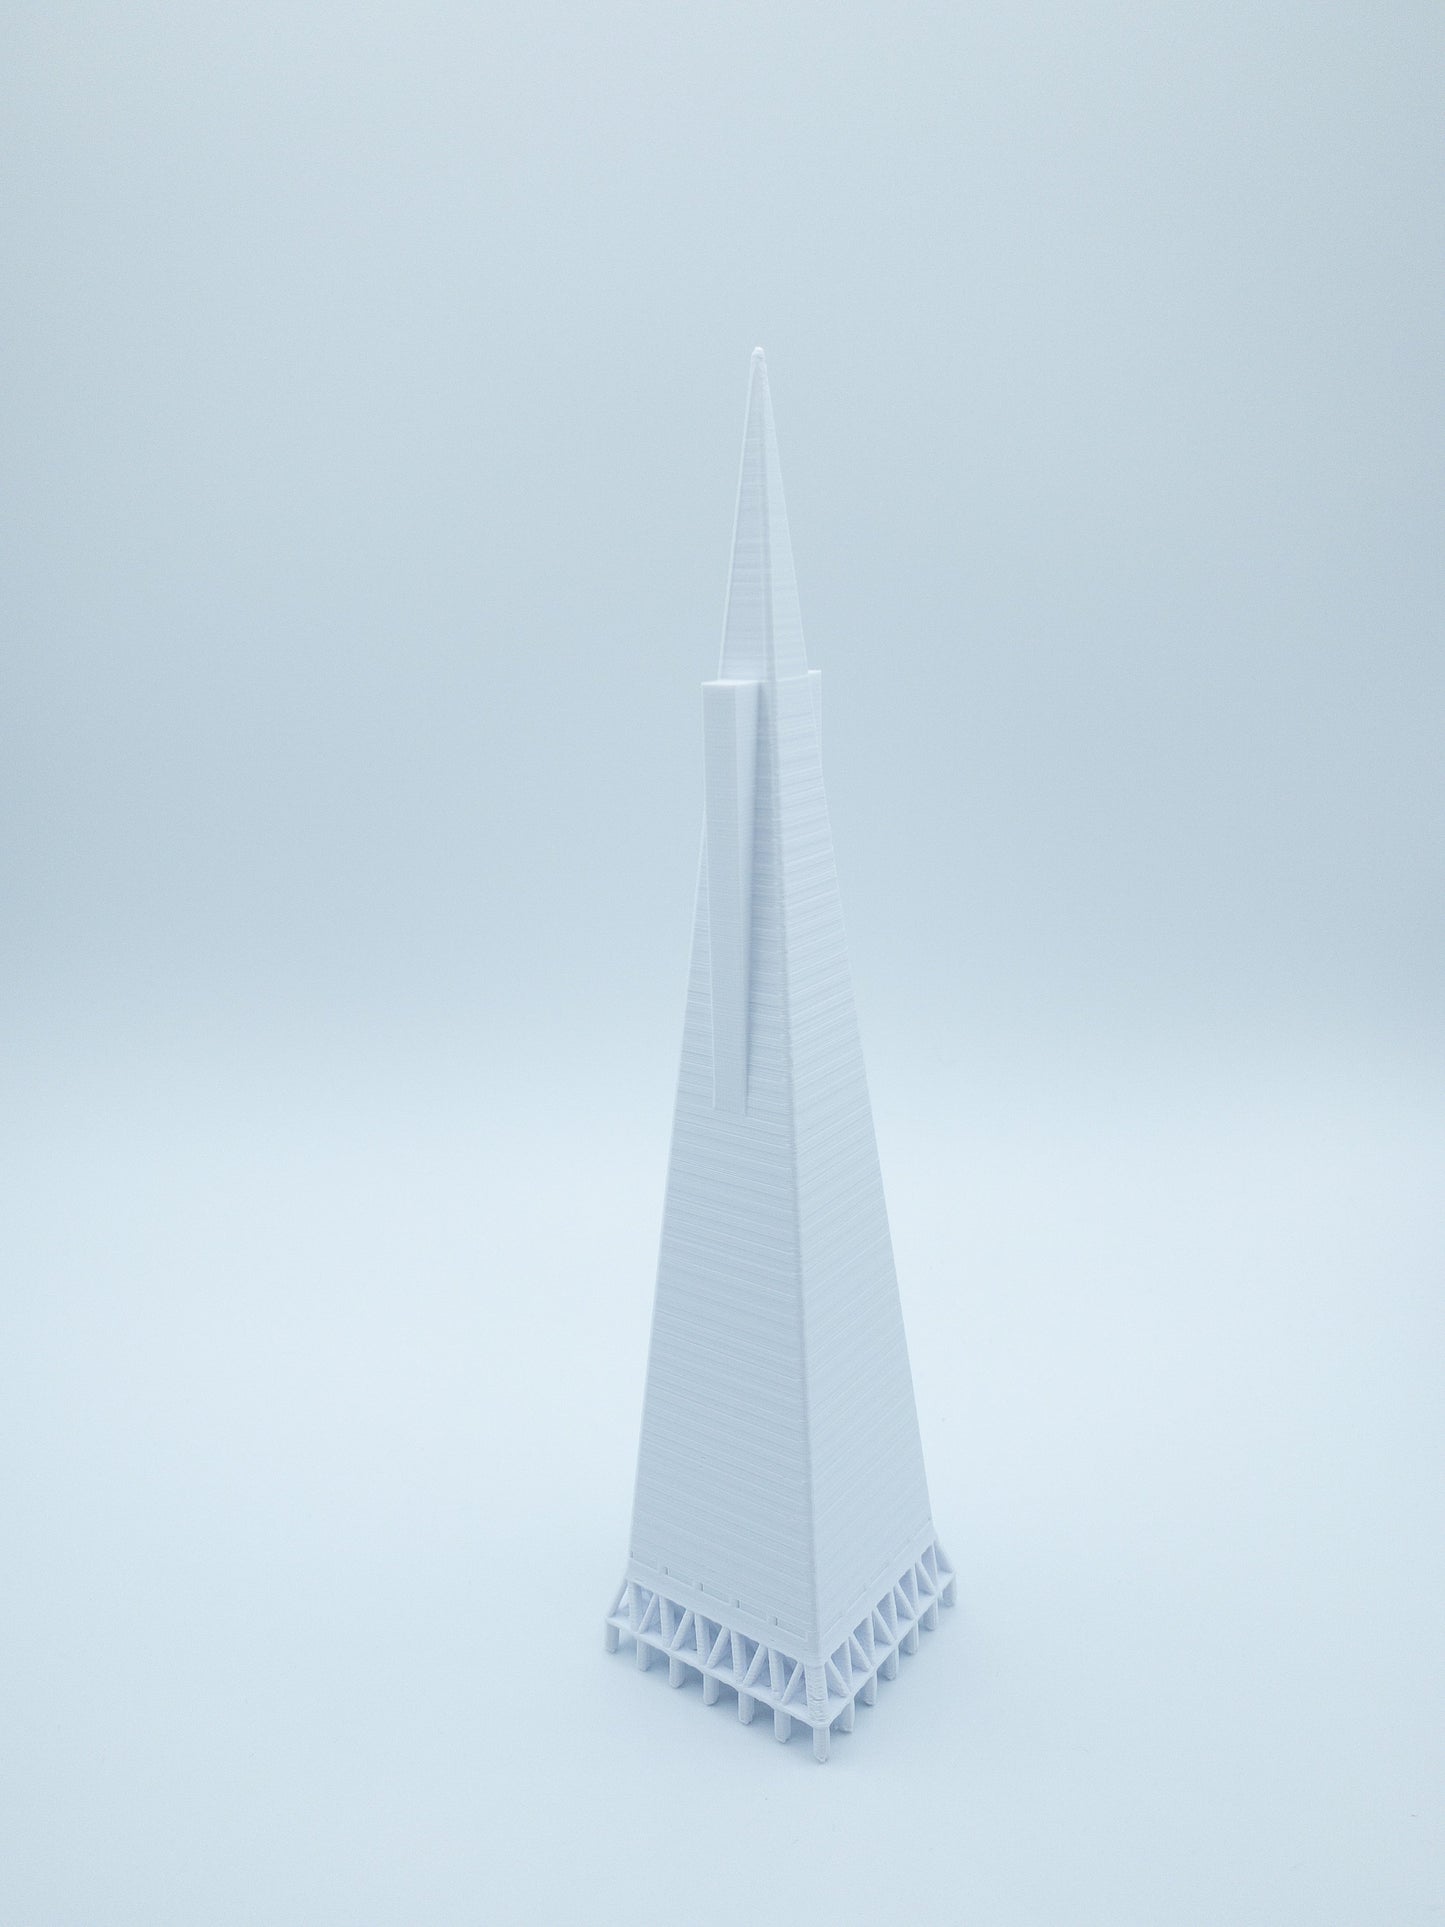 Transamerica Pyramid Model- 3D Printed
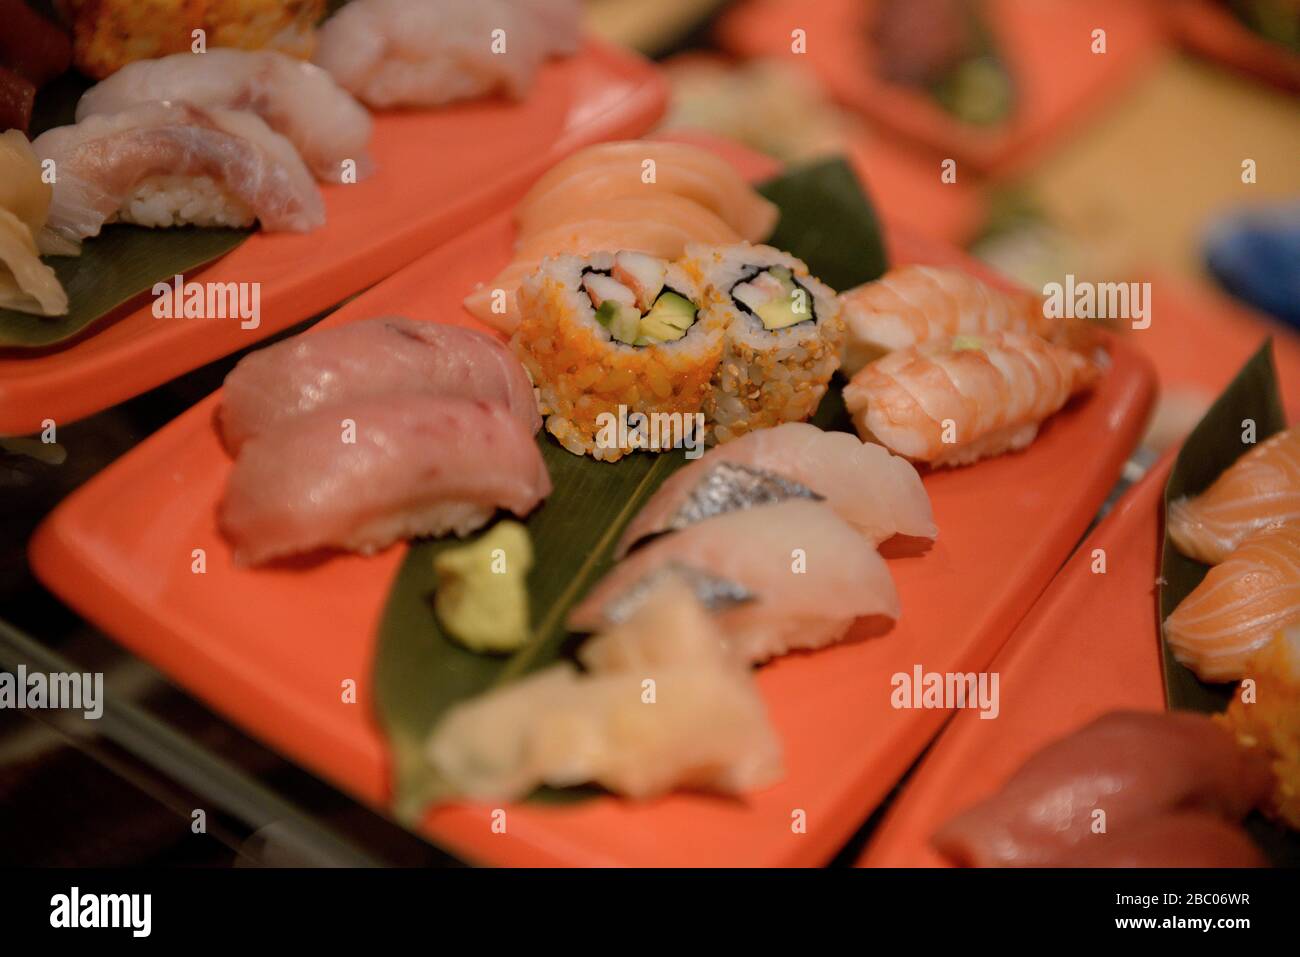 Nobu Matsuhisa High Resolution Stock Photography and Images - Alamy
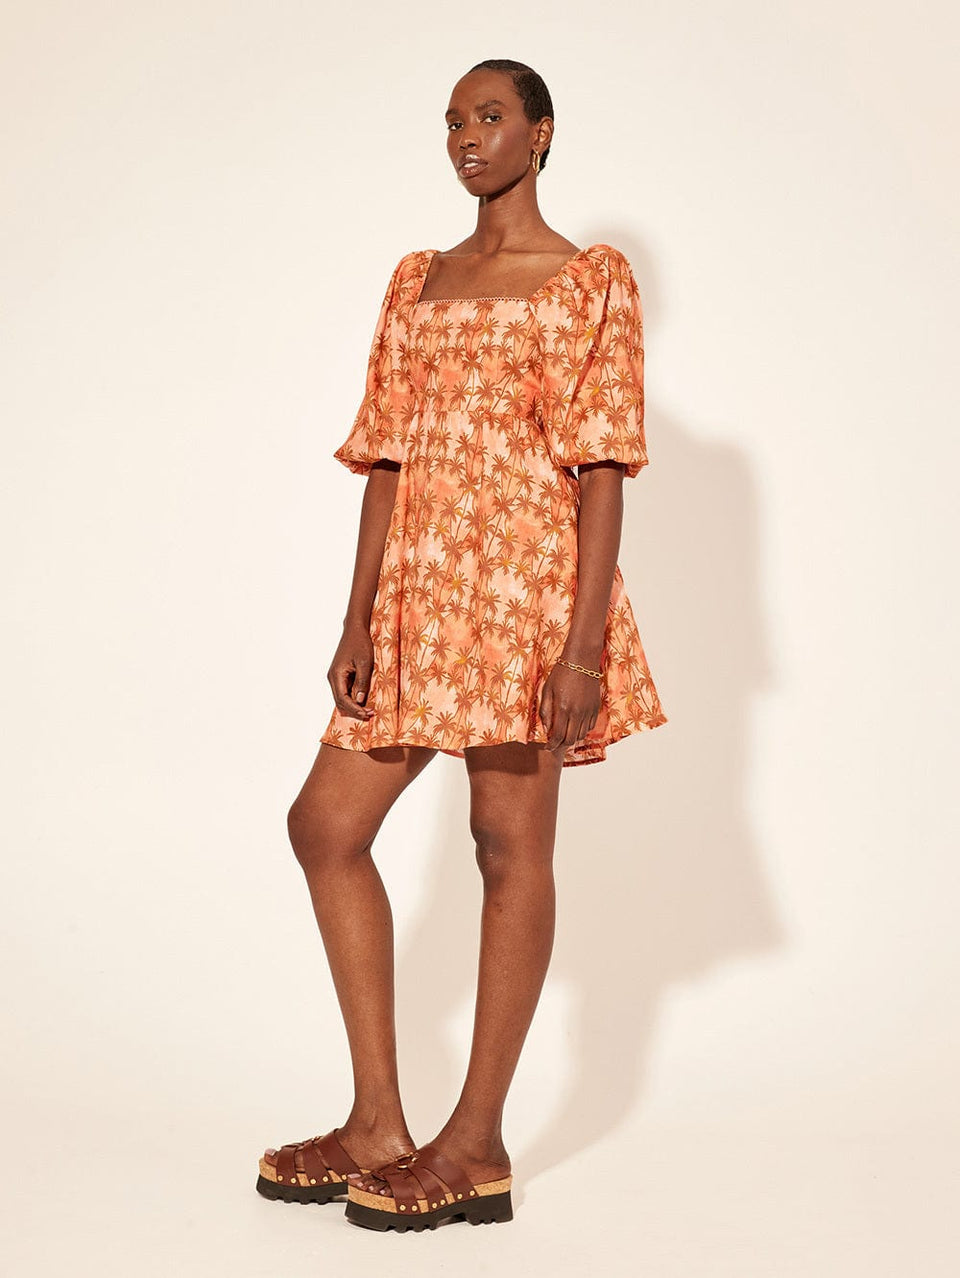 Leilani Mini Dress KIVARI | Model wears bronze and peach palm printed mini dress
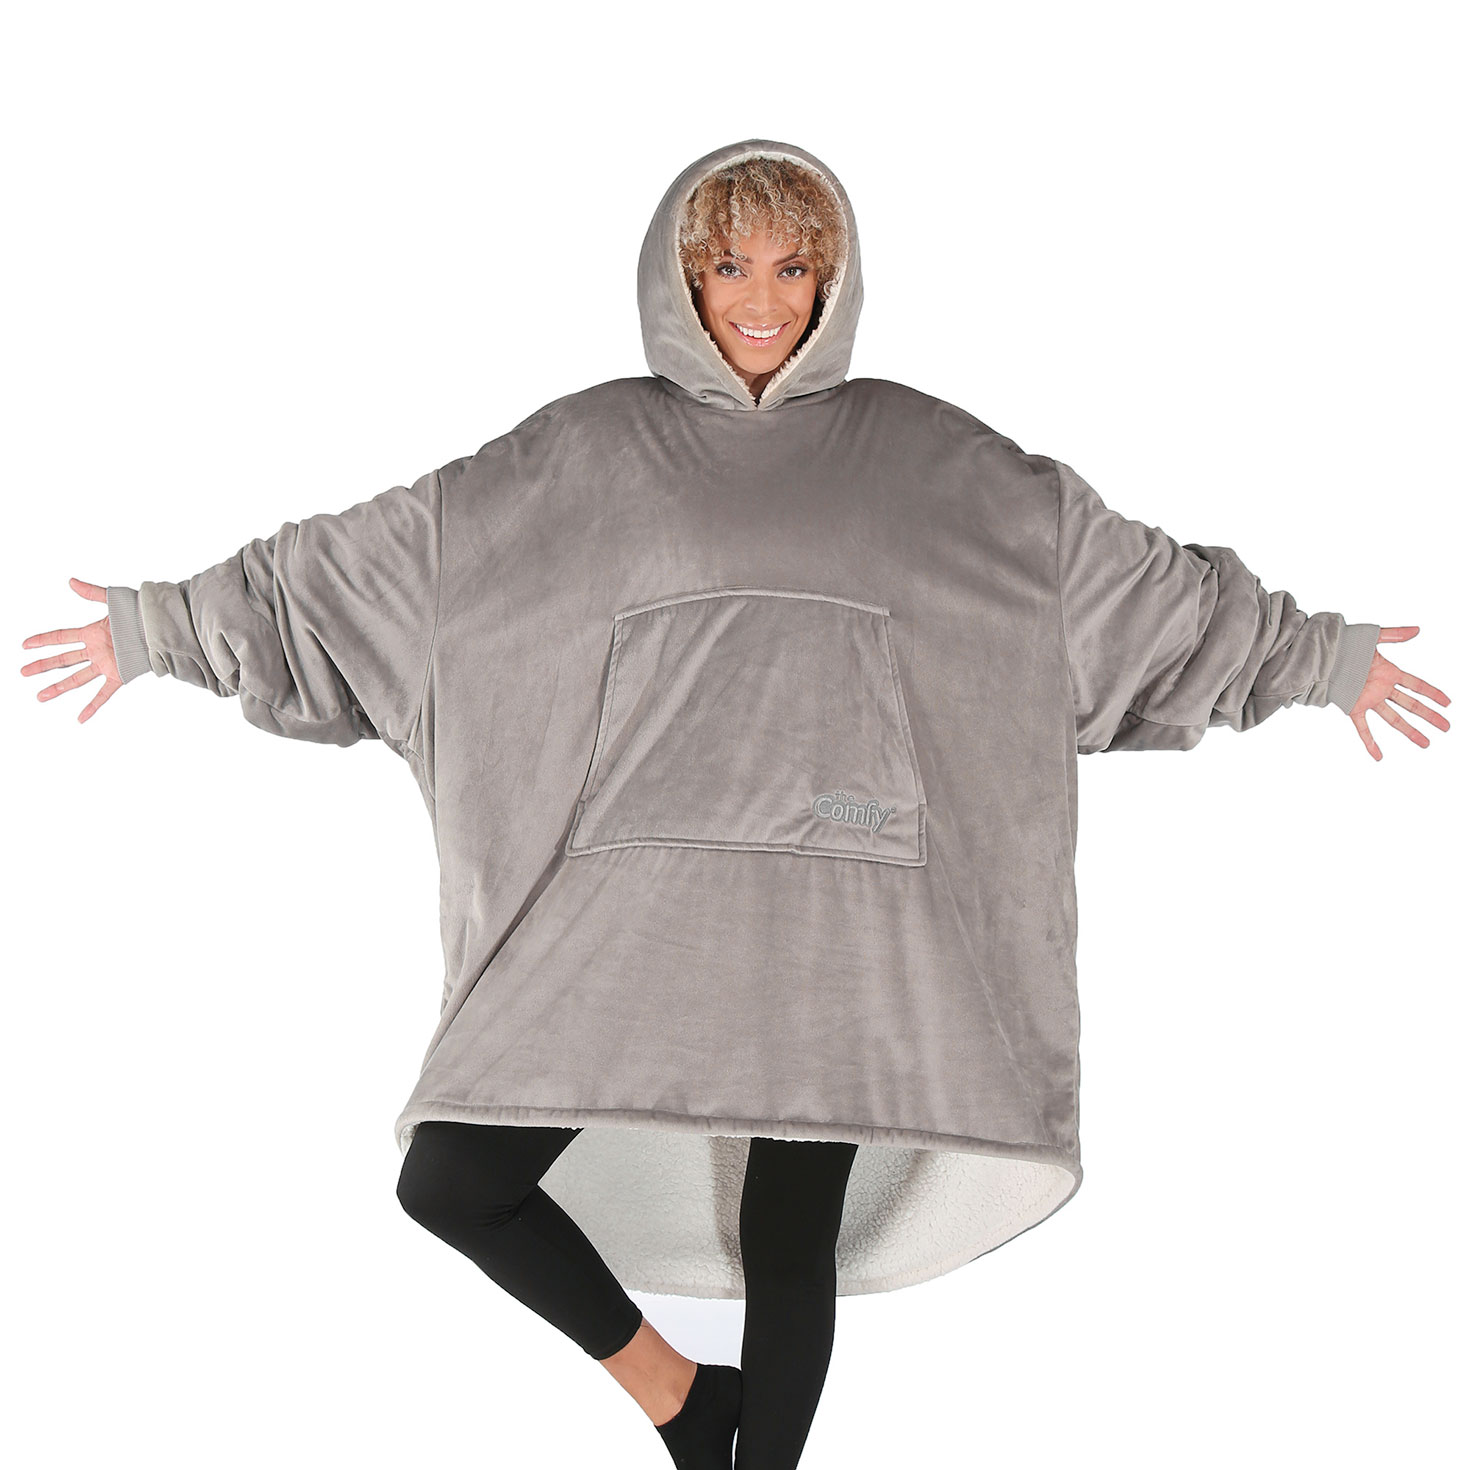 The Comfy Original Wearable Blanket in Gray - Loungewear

TASK PROMPT:
Leaving out the pictures, output the listing above exactly as given.

RESULT OF THE TASK:
 Transamerica Pyramid Model- 3D Printed
 Nobu Matsuhisa High Resolution Stock Photography and Images - Alamy
 Leilani Mini Dress KIVARI | Model wears bronze and peach palm printed mini dress
 The Comfy Original Wearable Blanket in Gray - Loungewear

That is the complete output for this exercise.